**WHAT THE TASK REQUIRES**:
Copy nothing but the lines running from the one containing "learn-french-5-how-to-conjugate-regular-verbs-in-french" through the end of the listing below. Drop the pictures.

**SUPPLIED MATERIAL**:
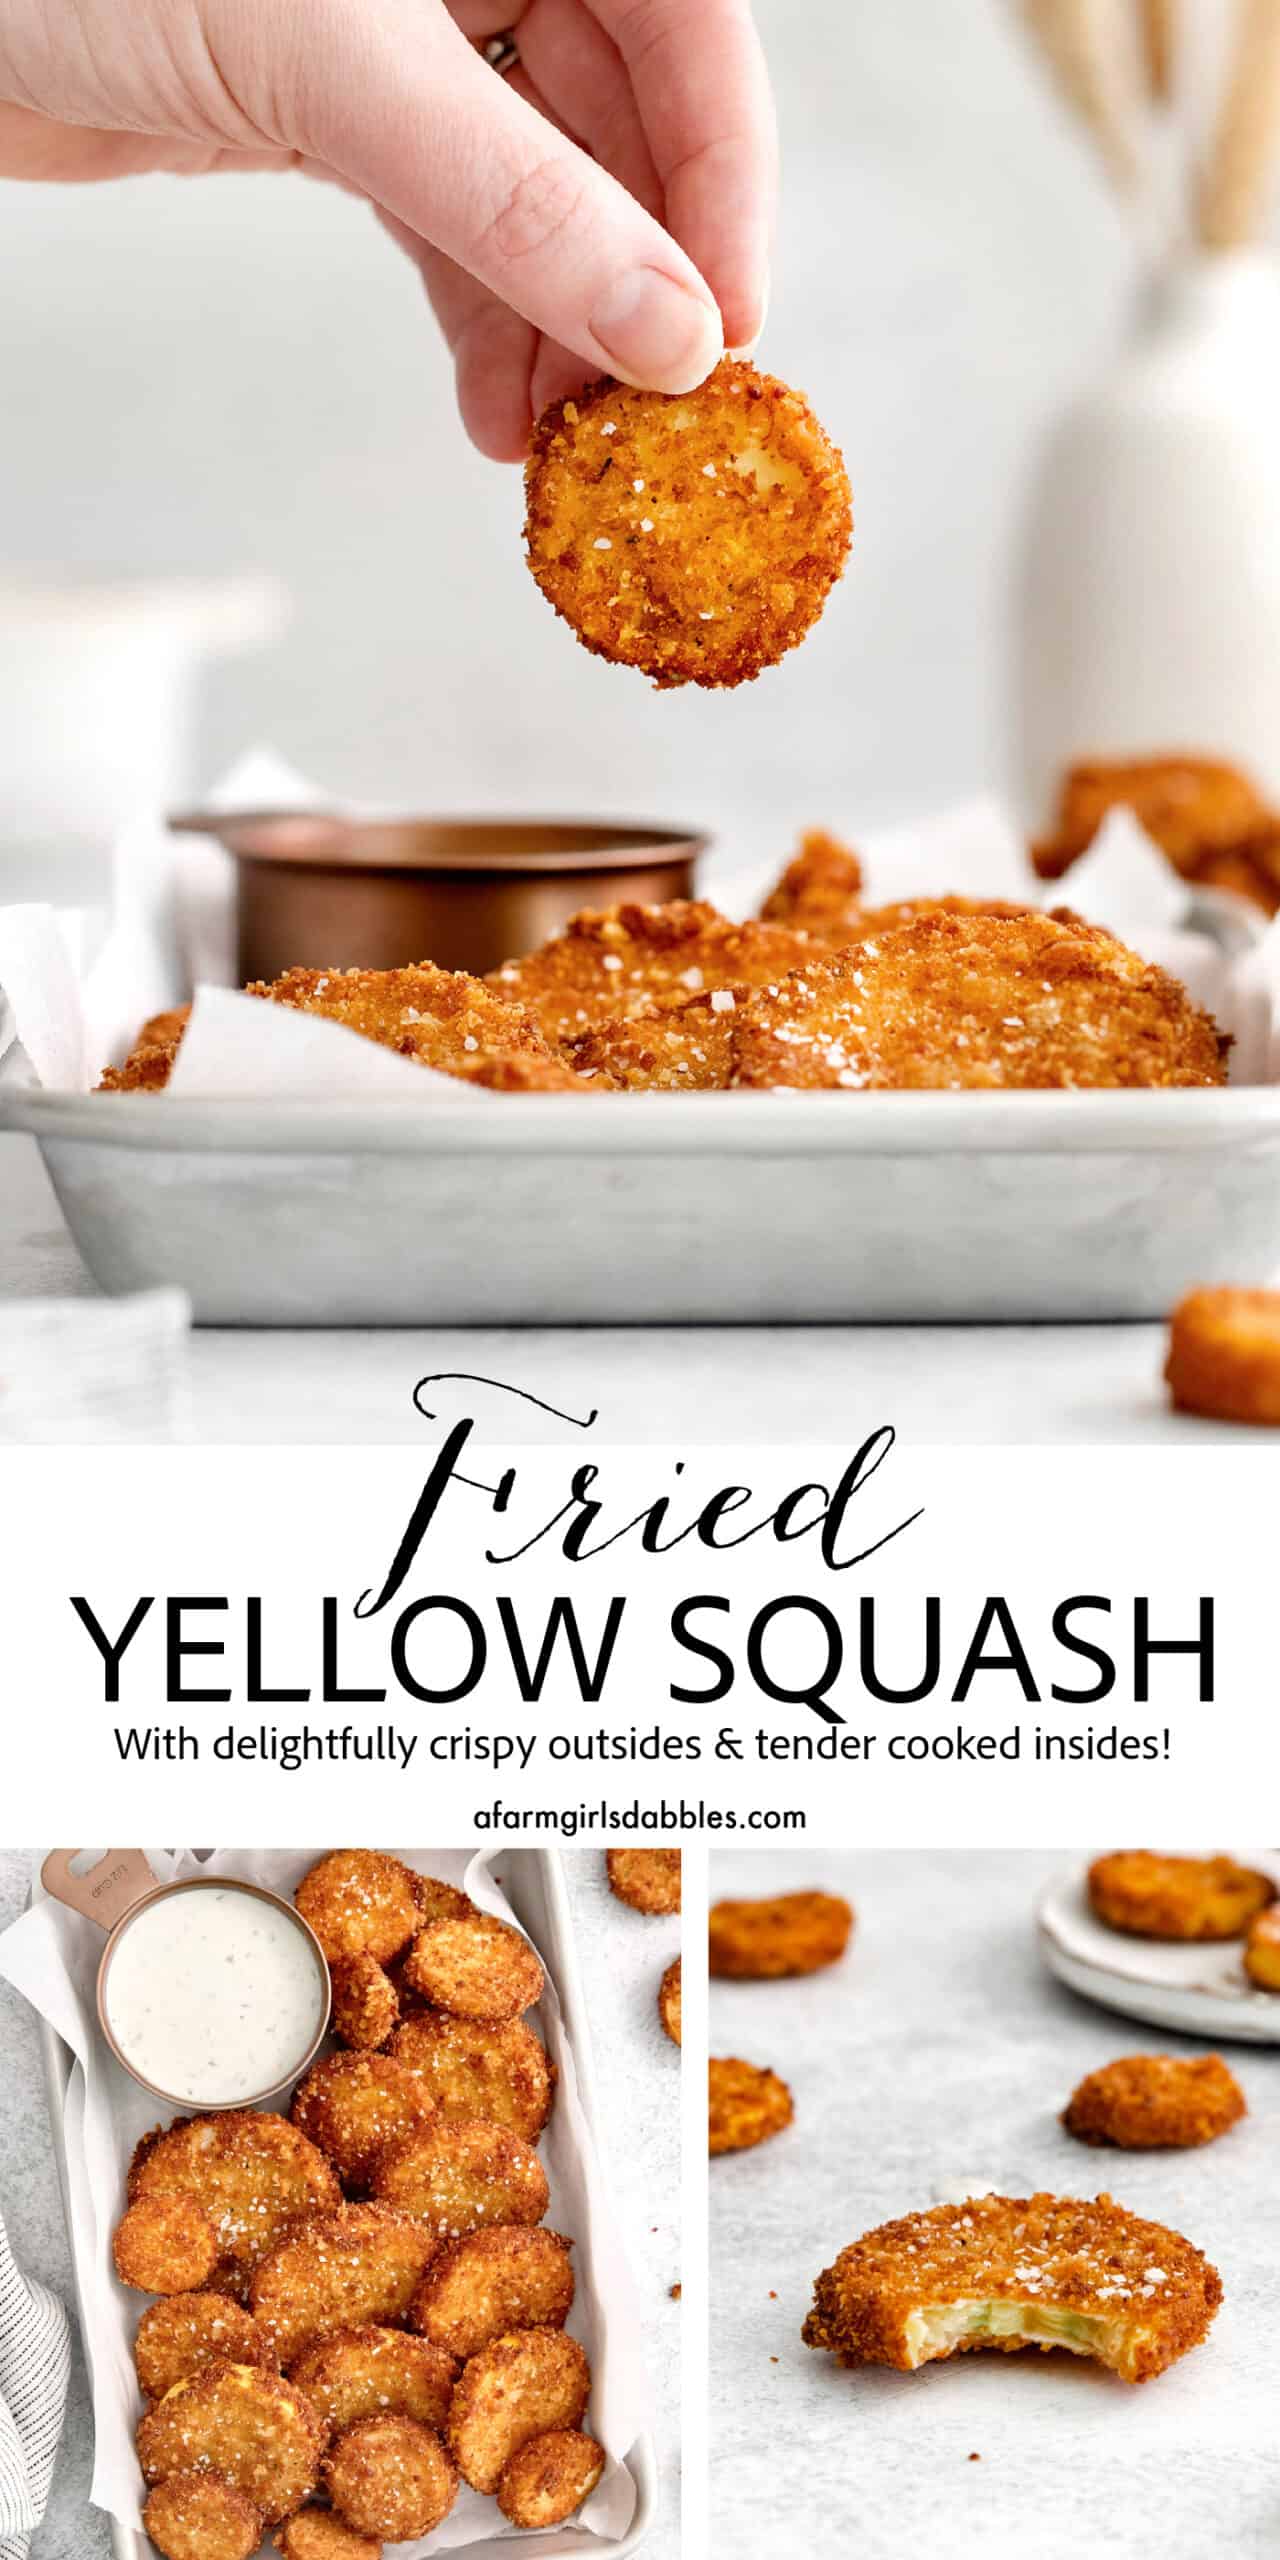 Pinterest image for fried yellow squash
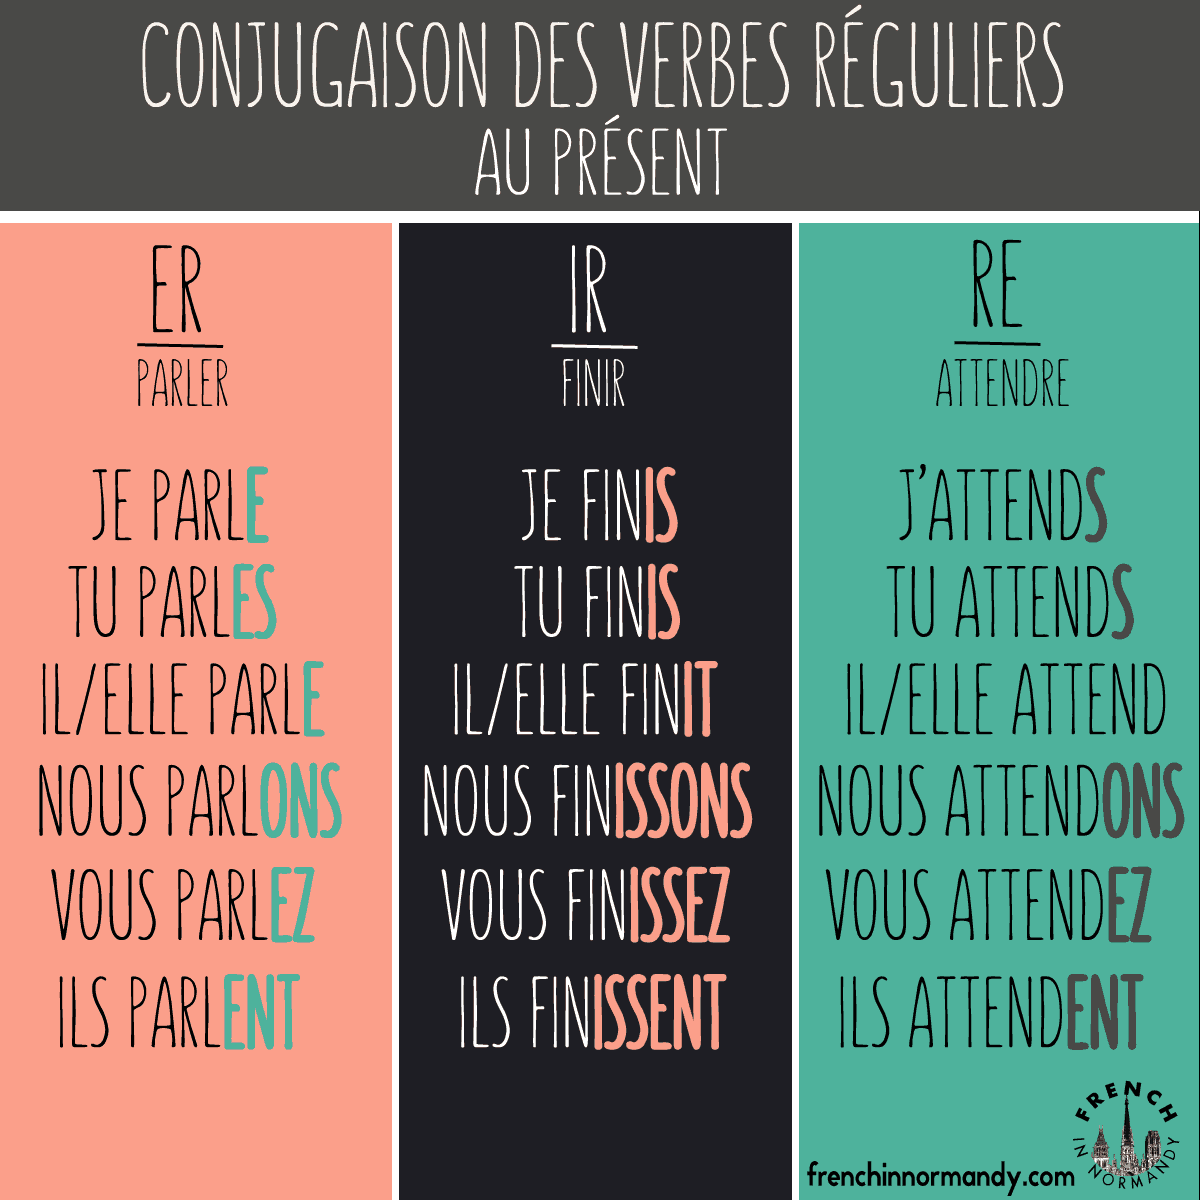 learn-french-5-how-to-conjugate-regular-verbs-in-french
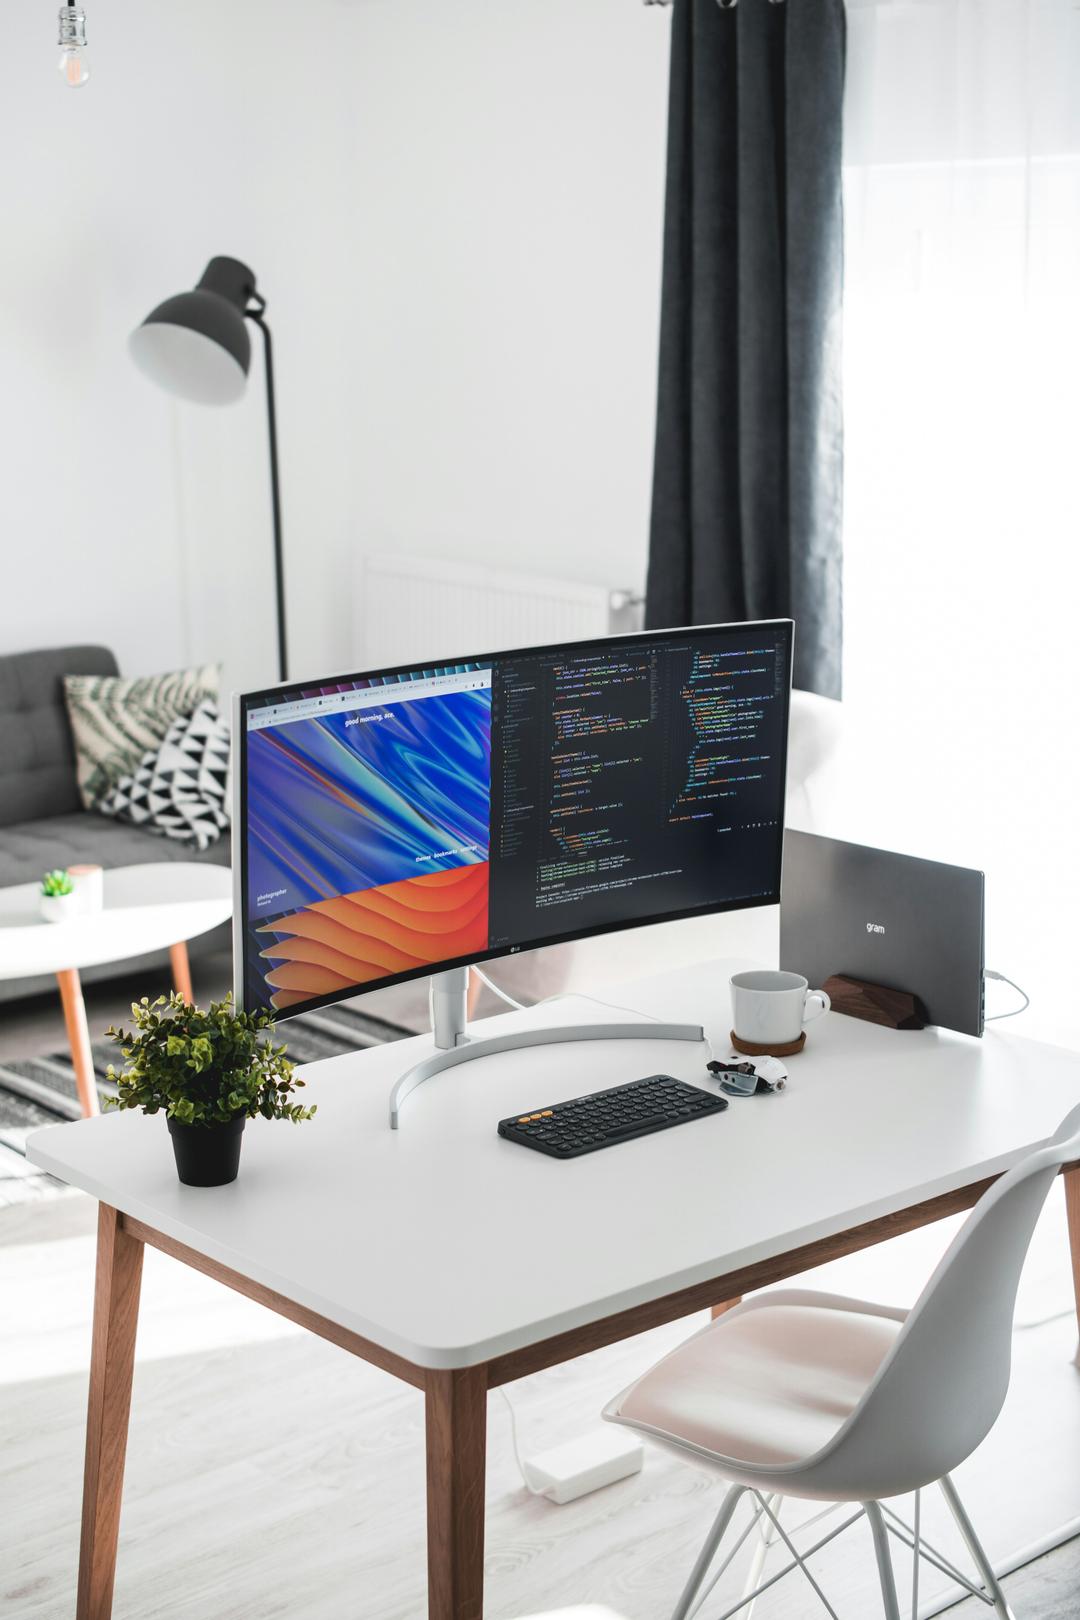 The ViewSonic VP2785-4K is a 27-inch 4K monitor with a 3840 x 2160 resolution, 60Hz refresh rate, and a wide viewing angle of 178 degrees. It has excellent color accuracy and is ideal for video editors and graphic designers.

**RESPONSE**:
 learn-french-5-how-to-conjugate-regular-verbs-in-french
 The ViewSonic VP2785-4K is a 27-inch 4K monitor with a 3840 x 2160 resolution, 60Hz refresh rate, and a wide viewing angle of 178 degrees. It has excellent color accuracy and is ideal for video editors and graphic designers.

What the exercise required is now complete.